A hybrid grey wolf and improved particle swarm optimization technique with Pareto knee selection for energy efficient load balancing in cloud computing
摘要
In the realm of Cloud Computing, multi-objective task scheduling aims to map tasks to virtual machines while minimizing execution time, balancing load, and reducing cost. Achieving this requires intelligent algorithms that optimize competing objectives for efficient resource use and user satisfaction. While various optimization methods have been explored over the past decade, the growing demand for cloud-based applications and energy-efficient computing calls for more adaptive strategies.
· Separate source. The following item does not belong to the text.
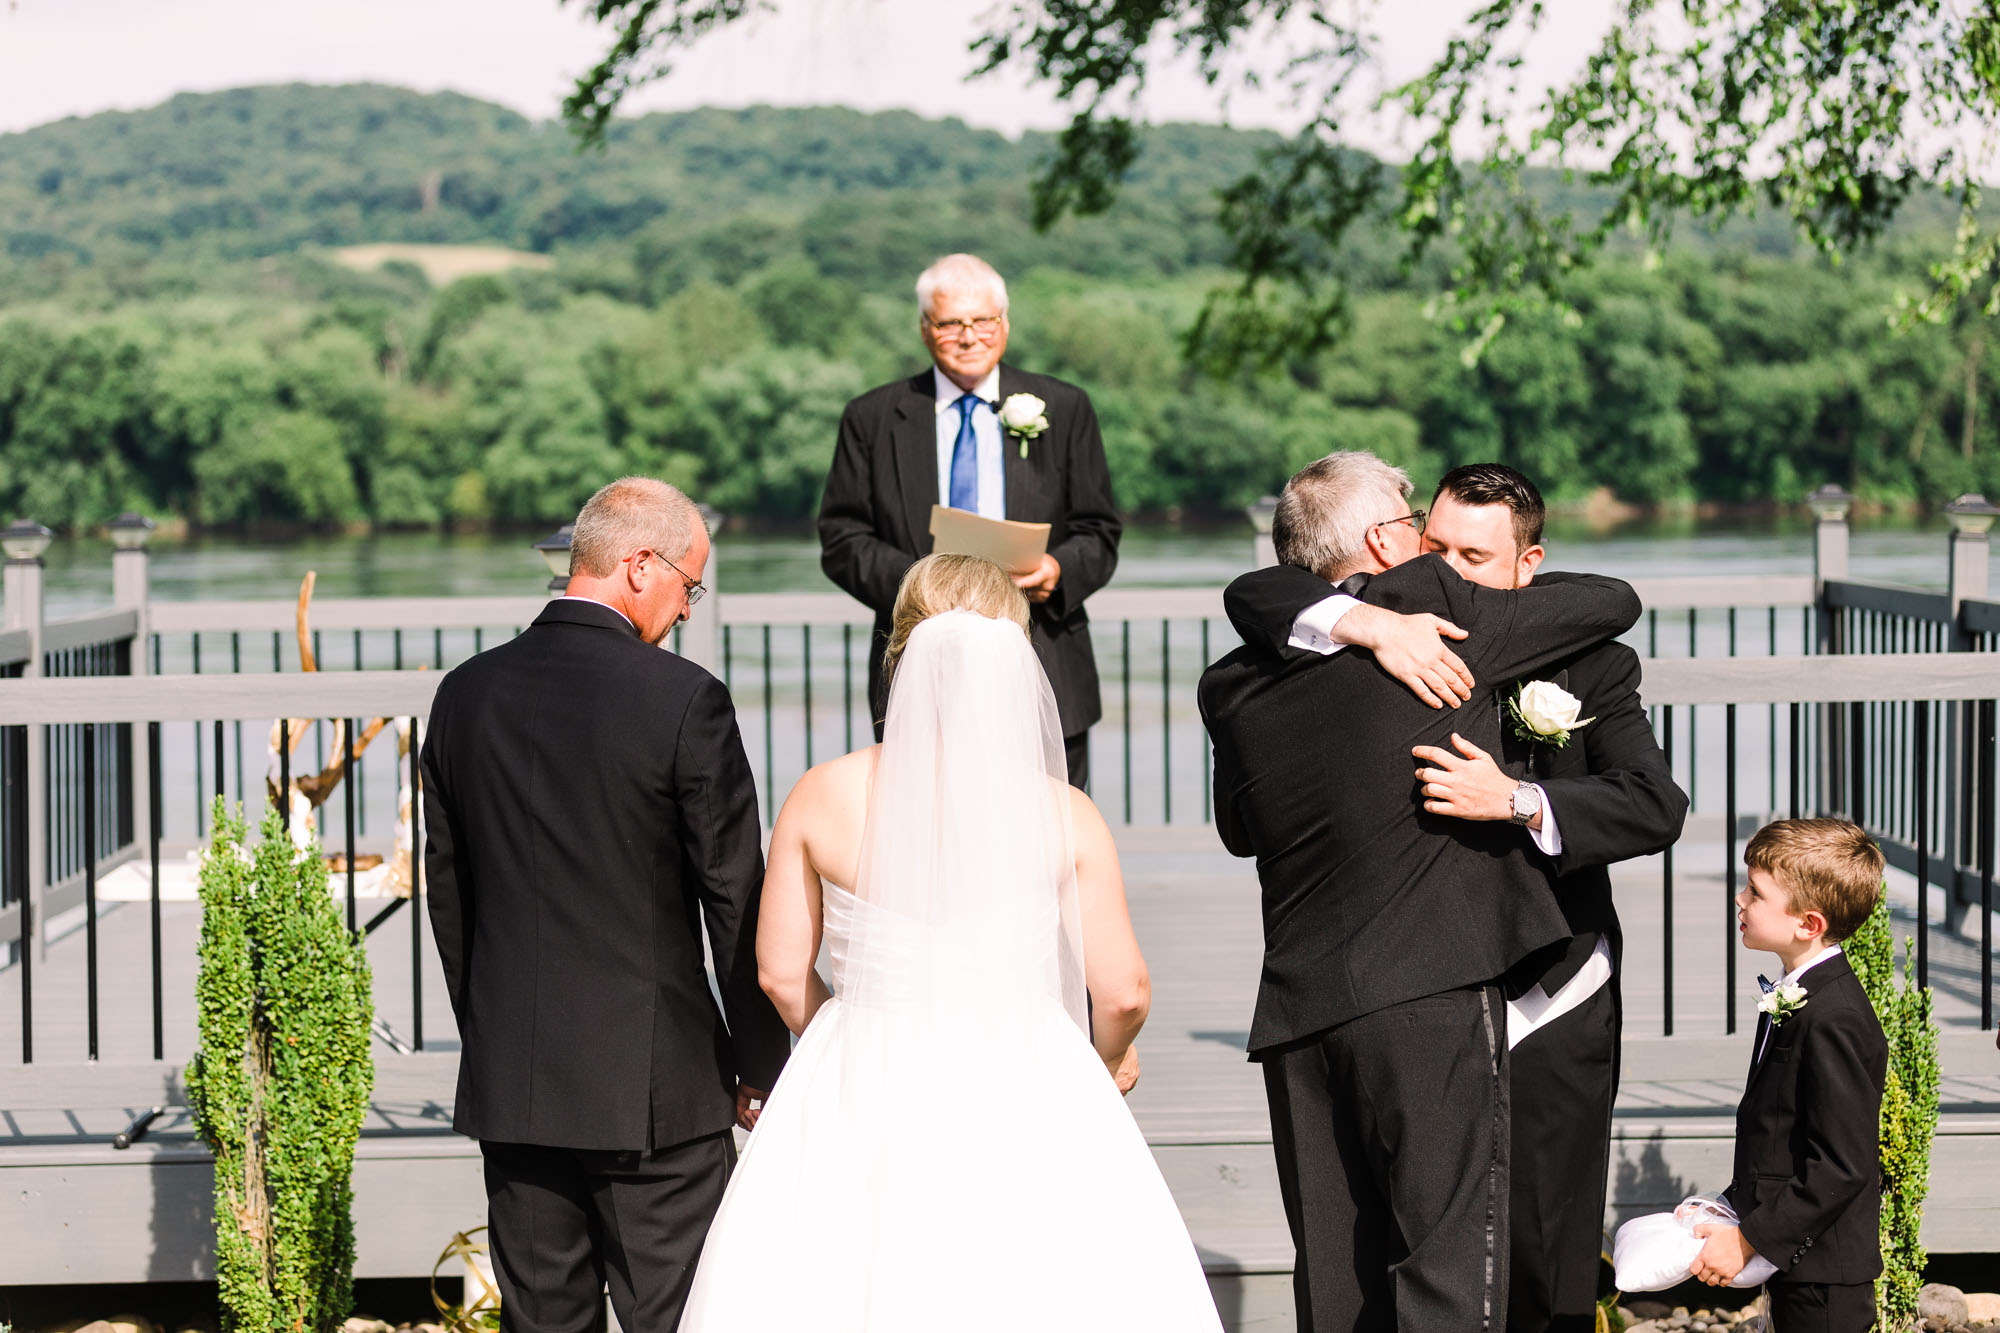 isle-of-que-wedding-3819.jpg

This study proposes a Hybrid Grey Wolf and Improved Particle Swarm Optimization with Pareto-Knee Selection (HGWIPSO-PKS) Load Balancing scheme for energy-efficient, performance-optimized resource allocation in cloud environments. The method combines GWO’s strong global exploration with PSO’s rapid convergence and focuses on Pareto “knee” solutions to effectively balance trade-offs. It dynamically adapts to workload fluctuations, optimizing energy use and performance. Extensive CloudSim experiments across diverse virtual machine configurations and task volumes show that HGWIPSO-PKS outperforms standalone PSO, GWO, and other state-of-the-art hybrids, reducing makespan by 14.96%, imbalance by 20.0%, energy consumption by 10.88%, and execution time by 10.87%. Response, waiting, and turnaround times drop to about 7%, while throughput and resource utilization improve by 19.36% and 17.32%, respectively. Moreover, HGWIPSO-PKS achieves an average reduction of about 13% in computational cost across varying workloads, while maintaining scalability comparable to hybrid schedulers. These results highlight HGWIPSO-PKS as an effective, green-computing scheduler for dynamic cloud environments.